White employee Cynthia Diane Simms was reprimanded by the Respondent on October 12, 1990 for using company property (presumably thread and a sewing machine) to sew company designs on personal clothing.
White employee Bobby Davis was issued a major reprimand on December 11, 1991 for defacing company property after puncturing a packing case with his fist.
In response to these examples advanced by the Petitioners to the effect that the Respondent discriminated against the Petitioners on the basis of their race because the above-mentioned white employees were not similarly disciplined for committing offenses purportedly similar to the misconduct committed by the Petitioners, testimony and evidence was produced by the Respondent concerning employees and their situations, to be compared with the Petitioners' white comparative employees who were not discharged for actions that the Petitioners maintain could have been considered willful destruction of company property.
In this regard, Randy McMillan, a black employee, was issued a major reprimand, instead of termination, after he bent a support of the Respondent's building by hitting it with a forklift and then failing to report the incident.
Claude Ratliff, Jr., a black employee, was issued a major reprimand on August 23, 1991 after damaging company property with a forklift. This reprimand resulted in Mr. Ratliff's termination; however, he was not terminated for destruction of company property.
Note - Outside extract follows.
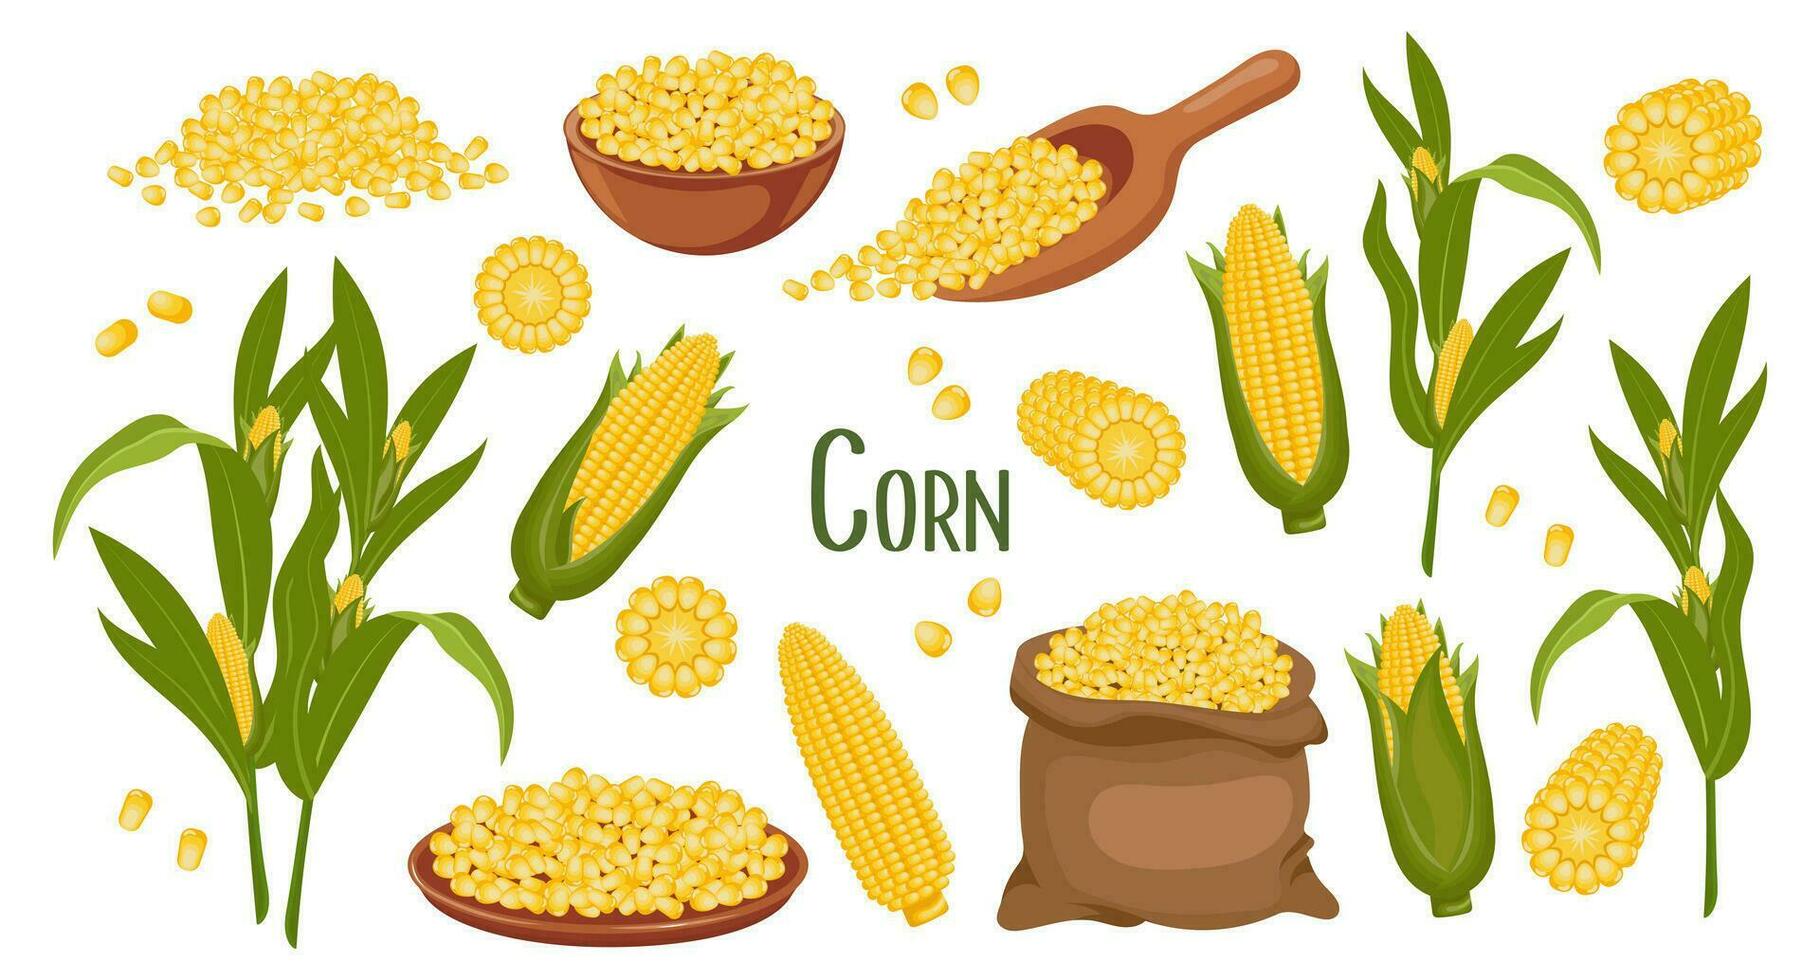 uppsättning av majs korn och spikelets. majs växt, ljuv majs, majs kolvar, majs korn i en tallrik, sked och väska. lantbruk, mat ikoner, vektor

Rather he was terminated because that reprimand resulted in an accumulation of sufficient reprimands within a six- month period so that he was dischargeable under the Respondent's customarily- followed, progressive disciplinary policy.
The Respondent offered, in comparison to the Petitioners' white comparative employees, who were not discharged for insubordination, the following examples:
Larry Collins, a black employee, was given a major reprimand on January 16, 1991 for unacceptable behavior and language toward a supervisor, which occurred on January 12, 1991. This discipline resulted from operation of the company's review board procedure whereby it overturned a review committee's recommendation that Mr. Collins be terminated. This offense and the reprimand given for it are equivalent to that accorded Scott Jackson's behavior on September 12, 1991 and the subsequent discipline he received in the cursing incident involving supervisor Ramos.
Larry Collins was also issued a reprimand for insubordination on September 17, 1991, instead of being discharged, for "failing to carry out an assignment when directed to do so". If his conduct had been so characterized, it would have been justification for termination. The decision to reprimand him, rather than terminate his employment, was made by a review committee by a 3 to 2 vote.
Conversely, Nick Atkins, a white employee, was terminated on August 1, 1989 for "behavior unbecoming and for profane language to fellow employees and supervisor." Mr. Atkins' conduct had included certain threatening remarks to a fellow employee.
David Godwin, a black employee, was given a major reprimand on August 23, 1989, instead of being discharged, for "making threatening remarks to Pack and Hold Lead Person in front of a witness."
James Hunter, a black employee, was issued a major reprimand on May 21, 1991, instead of termination, for insubordination and failing to follow company procedures.
Patrick Wilkinson, a white employee, however, was discharged on December 26, 1991 for gross insubordination.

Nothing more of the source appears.